According to an aspect of another exemplary embodiment, there is provided a computer-readable storage medium having instructions executable by a computer, wherein the instructions perform a method of converting 2D contents into 3D contents when the instructions are implemented by a processor of the computer, the method including: determining a quality of the 3D contents to be converted from the 2D contents that are video contents and include a plurality of frames; extracting an object from a frame among the plurality of frames; assigning depth to the extracted object; and performing rendering for conversion into the 3D contents on the frame having the object assigned with the depth, wherein at least one of the extracting the object, the assigning the depth and the performing the rendering is performed in accordance with the determined quality of the 3D contents.

At least one of the extracting the object, the assigning the depth and the performing the rendering may include: performing an automatic operation implemented on the basis of preset reference information; and performing a manual process implemented on the basis of input of a user, and the determining the quality of 3D contents may include determining a performance degree indicating a percentage of each of the manual operation and the automatic operation implemented in the corresponding at least one of the extracting the object, the assigning the depth and the performing the rendering.

The determining the performance degree may include selecting one among a plurality of quality modes classified in accordance with the performance degree.

The performing the manual operation may include displaying at least one graphic user interface (GUI) item selectively activated in accordance with selected quality mode as a GUI item for receiving the input of the user in the manual operation.

At least one of the extracting the object and the assigning the depth may be performed according to information about contents and development of a scene in the frame to be processed.

The method may further include selecting a key frame from among the plurality of frames, the extracting the object and the assigning the depth may be performed on the selected key frame, and the method may further include performing tracking on another frame other than the key frame from among the plurality of frames.

The method may further include performing a 3D picture quality process on the rendered frame.

BRIEF DESCRIPTION OF THE DRAWINGS

The above and/or other aspects will become apparent and more readily appreciated from the following description of exemplary embodiments, taken in conjunction with the accompanying drawings, in which:

FIG. 1 is a block diagram showing a configuration of a content converting apparatus according to an exemplary embodiment;

FIG. 2 is a flowchart showing an operation of a content converting apparatus according to an exemplary embodiment;

FIG. 3 is a flowchart showing an operation of a content converting apparatus according to another exemplary embodiment;

FIG. 4 is a table showing an example of plural quality modes in a content converting apparatus according to an exemplary embodiment; and

FIG. 5 is a flowchart showing an operation of a content converting apparatus according to still another exemplary embodiment.

DETAILED DESCRIPTION OF EXEMPLARY EMBODIMENTS

Below, exemplary embodiments will be described in detail with reference to accompanying drawings.

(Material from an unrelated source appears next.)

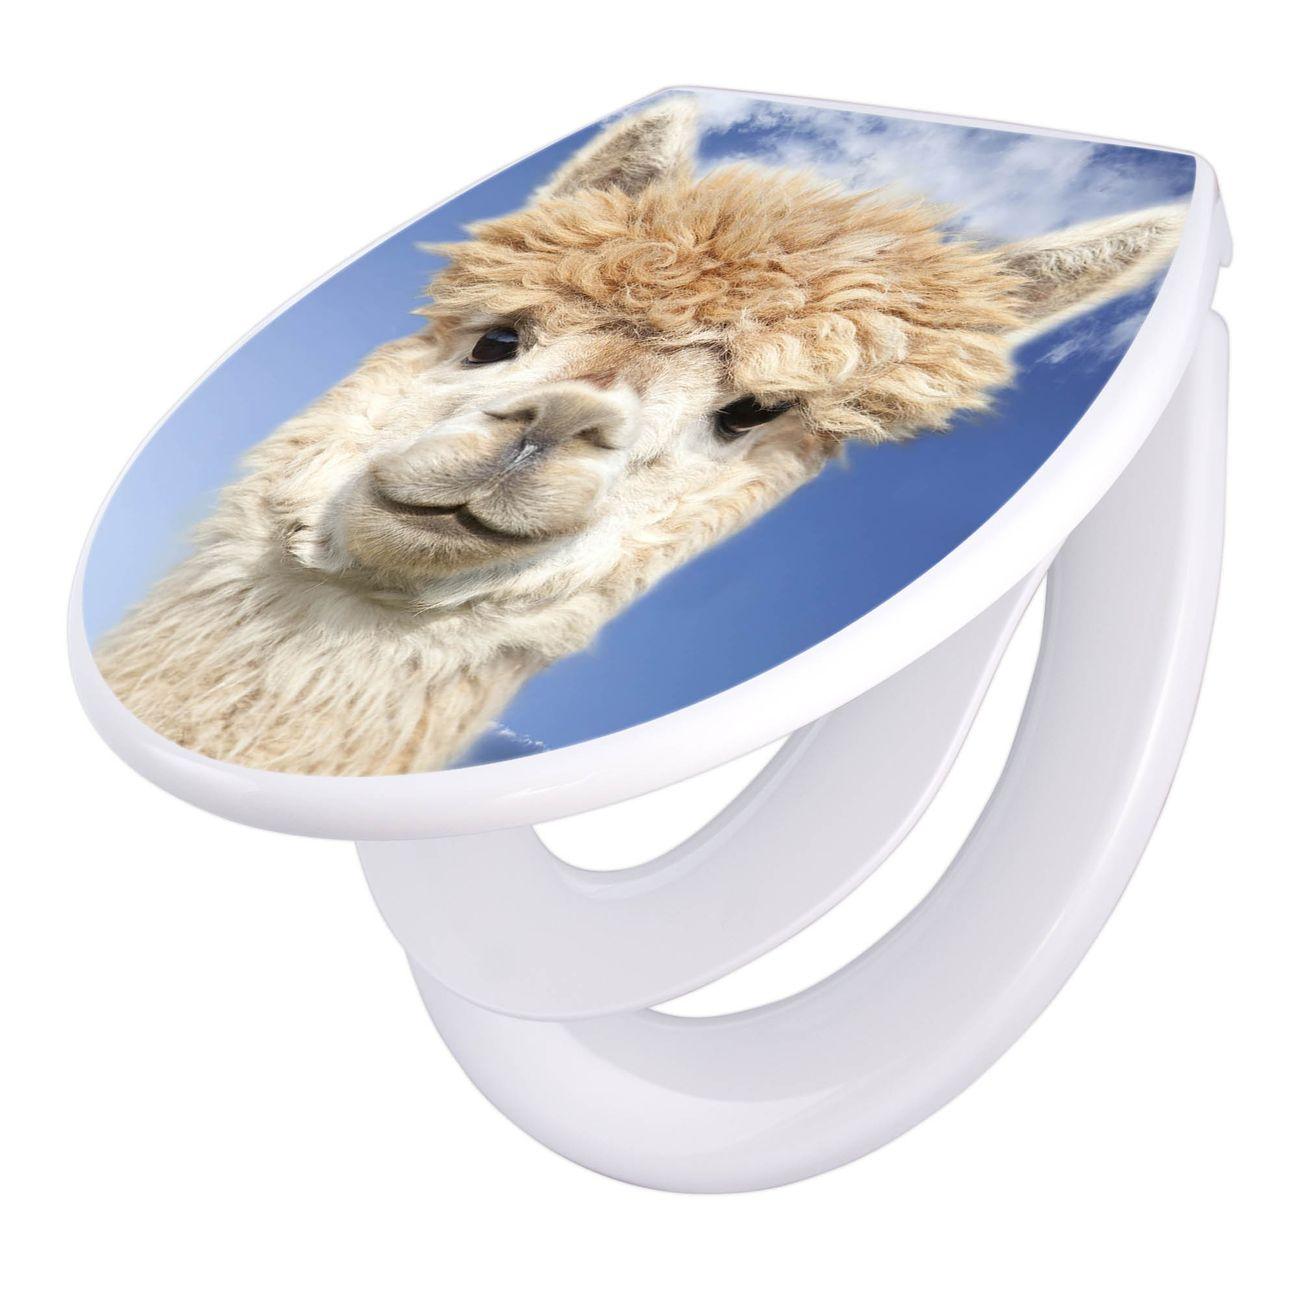 Toilettendeckel weiß mit Absenkautomatik Motiv Lama

Hereinafter, expressions such as “at least one of,” when preceding a list of elements, modify the entire list of elements and do not modify the individual elements of the list.

FIG. 1 is a block diagram showing a configuration of a content converting apparatus 1 according to an exemplary embodiment. The content converting apparatus 1 converts two-dimensional (2D) contents into three-dimensional (3D) contents. In the present exemplary embodiment, the contents include moving picture contents, for example, movies, dramas, sports, etc.

The content converting apparatus 1 may receive 2D contents to be converted into 3D contents from a predetermined 2D content provider (not shown). The content converting apparatus 1 may receive 2D contents from the 2D content provider through a predetermined network (not shown). For example, the 2D content provider may be a network server which stores 2D contents and transmits the 2D contents to the content converting apparatus 1 as requested by the content converting apparatus 1.

According to another exemplary embodiment, the content converting apparatus 1 may receive 2D content from the 2D content provider through a data transfer method or mechanism other than the network. For example, the 2D content provider may be a device provided with a storage unit such as a hard disk, a flash memory, etc., for storing 2D contents, which is locally connected to the content converting apparatus 1 and transmits 2D contents to the content converting apparatus 1 as requested by the content converting apparatus 1. In this case, there is no limit to a method of locally connecting the content converting apparatus 1 and the 2D content provider as long as the method is for transmitting data of 2D contents. For example, the local connection method may include universal serial bus (USB) or the like.

According to still another exemplary embodiment, the content converting apparatus 1 may receive 2D contents from a 3D content provider (not shown). For example, the 3D content provider may transmit 2D content to the content converting apparatus 1, receive 3D contents converted by the content converting apparatus 1, and provide the received 3D contents to a predetermined user terminal (not shown). The user terminal is capable of displaying 3D contents received from the content converting apparatus 1 as 3D image. For example, the user terminal may include a television (TV), a personal computer (PC), a smart phone, a smart pad, a PMP, an MP3 player, etc.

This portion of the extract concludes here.